On the point that past forecasts of technological unemployment have been wrong, I agree. If history is any guide, then eventually a new economy will emerge in which pretty much every worker is much more productive than before. On the other hand, Moore’s Law might produce technological change that is much faster than what we have experienced in the past. For humans to keep up, we may need brain implants or other technological enhancements.

The point that low-skilled workers were doing better a few years ago is not totally compelling. They were productive in the context of an unsustainable housing boom. One way to read the last ten years is that the exceptional years were 2005 and 2006, not 2008 to the present. The basic trend is accelerating substitution of capital for labor, a process somewhat masked by the bubble.

The point that third-world workers are employed refutes the Z in “zero marginal product.” I would agree that American workers could compete for jobs at third-world wages.

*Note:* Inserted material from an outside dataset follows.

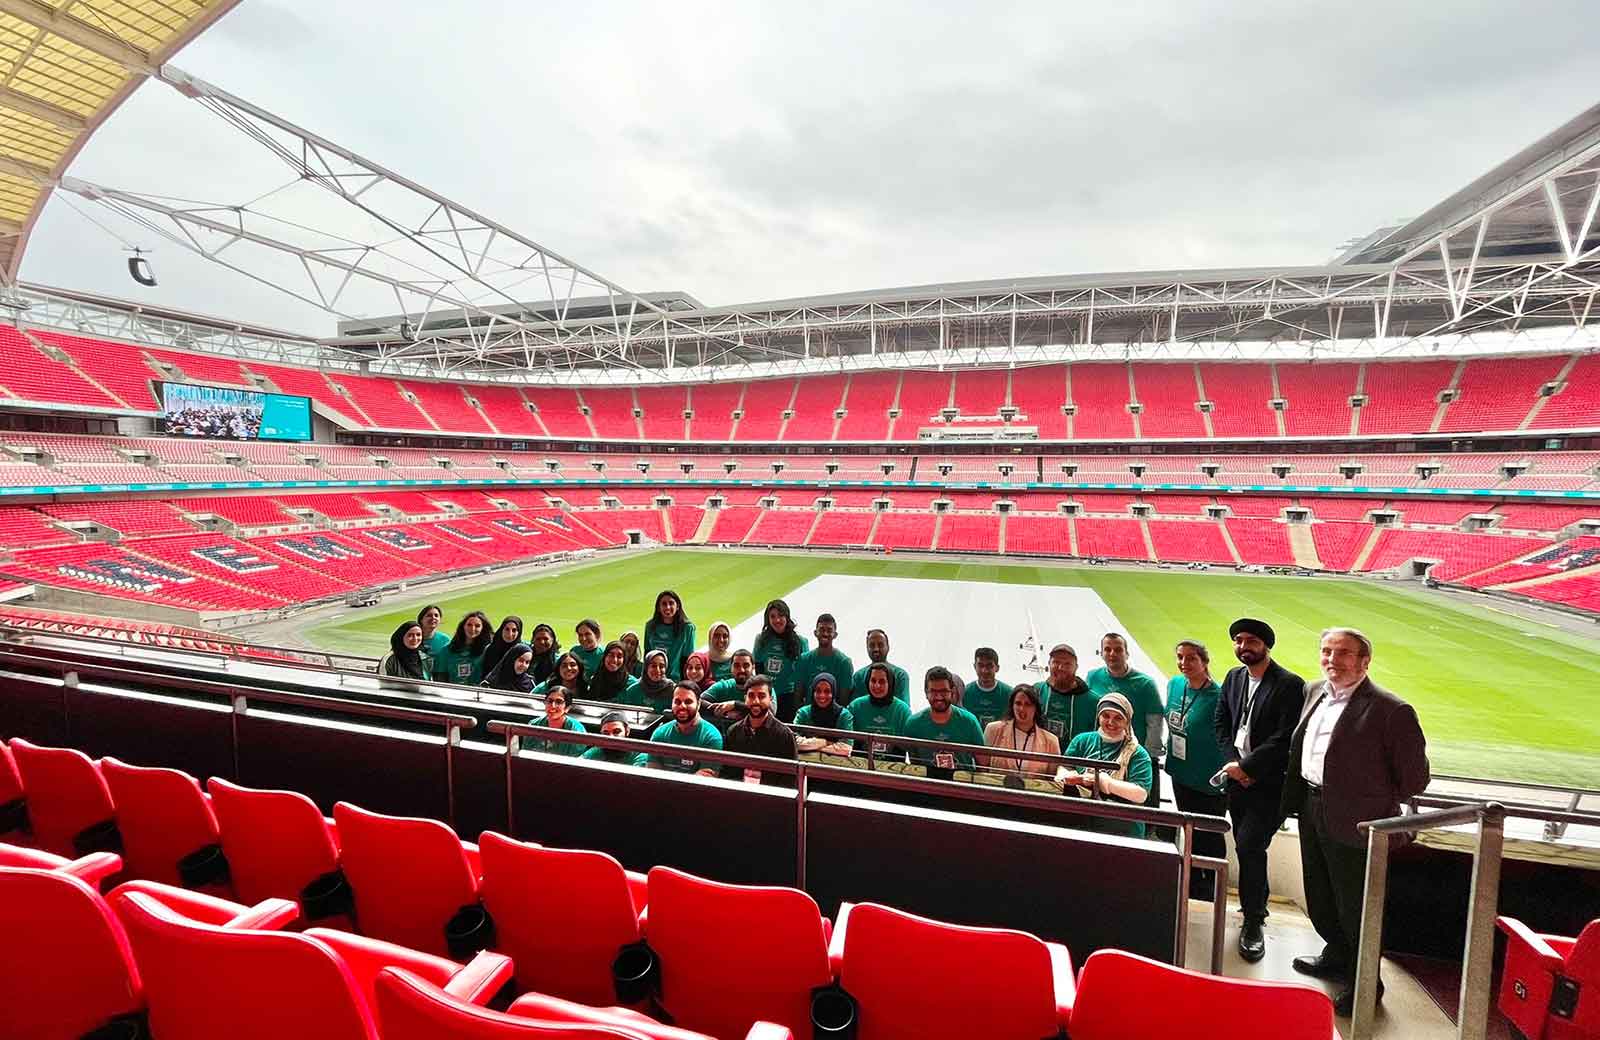 Football Association to host Vaisakhi and Ramadan events at Wembley Stadium
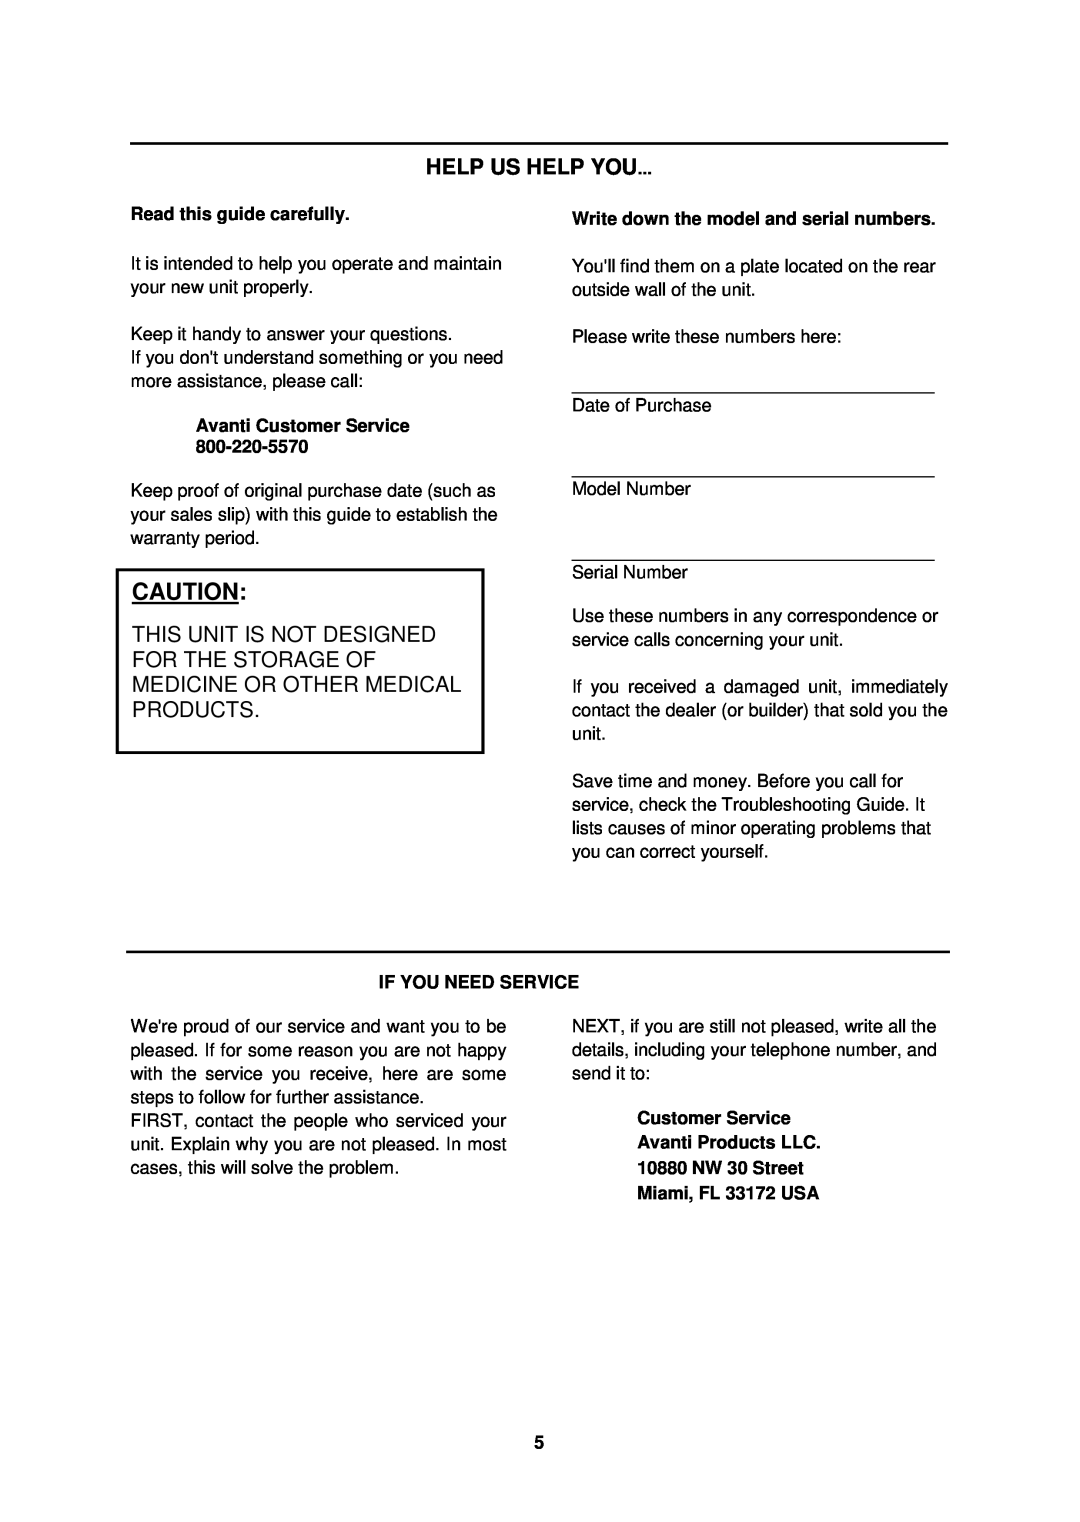 Avanti BCA193BG-1 Help Us Help You, Read this guide carefully, Avanti Customer Service, If You Need Service

But it still could be that marginal product is well below first-world wages.

I have discussed the issue of Where are the Servants? already.

Finally, Bryan suggests that because wages have not fallen, then the marginal product of workers need not have fallen very far. But if the marginal product of workers has not dropped, then it is hard to explain why so many jobs have been eliminated. Average productivity has been growing quite well, while average real wages have flat-lined. If this were true on the margin, then labor demand should have increased. Instead, as Tyler Cowen puts it (see the video of the year), it looks as though firms are raising average productivity by replacing/shedding workers. And shedding workers only raises average productivity if marginal product is significantly lower than average productivity.

Turning to Don’s post, he writes,

Even the lowest-skilled worker is capable of producing something of value. And the value of using that low-skilled worker to produce that something, rather than using some other means (i.e., a higher-skilled worker or a machine) to produce that something, rises the greater is the comparative advantage of those other means at producing something else.

That’s easy for an economist to say. In the real world, try to figure out what that something is. That is what I mean by finding PSST. If these patterns could be discovered instantly, then there would be no unemployment. However, in a complex world, it is difficult. As it gets more complex, it becomes more difficult (other factors, such as better communication technology, may work in the direction of making it less difficult). One hundred years ago, if you did not know what else to do, you could offer your labor to a farmer. Today, the farmer can not find anything that you can do that is worth a subsistence wage.

Imagine a construction project where the project manager has just discovered a major problem with the plans. The design needs to be reconfigured, and workers need to be redeployed. But until the project manager comes up with a new plan, the other workers are all ZMP. Think of the economy as being like that construction project, except that there is no project manager. There are only entrepreneurs acting in a decentralized fashion, guided by the price system. They don’t get it all sorted out right away. Until they do, ZMP prevails.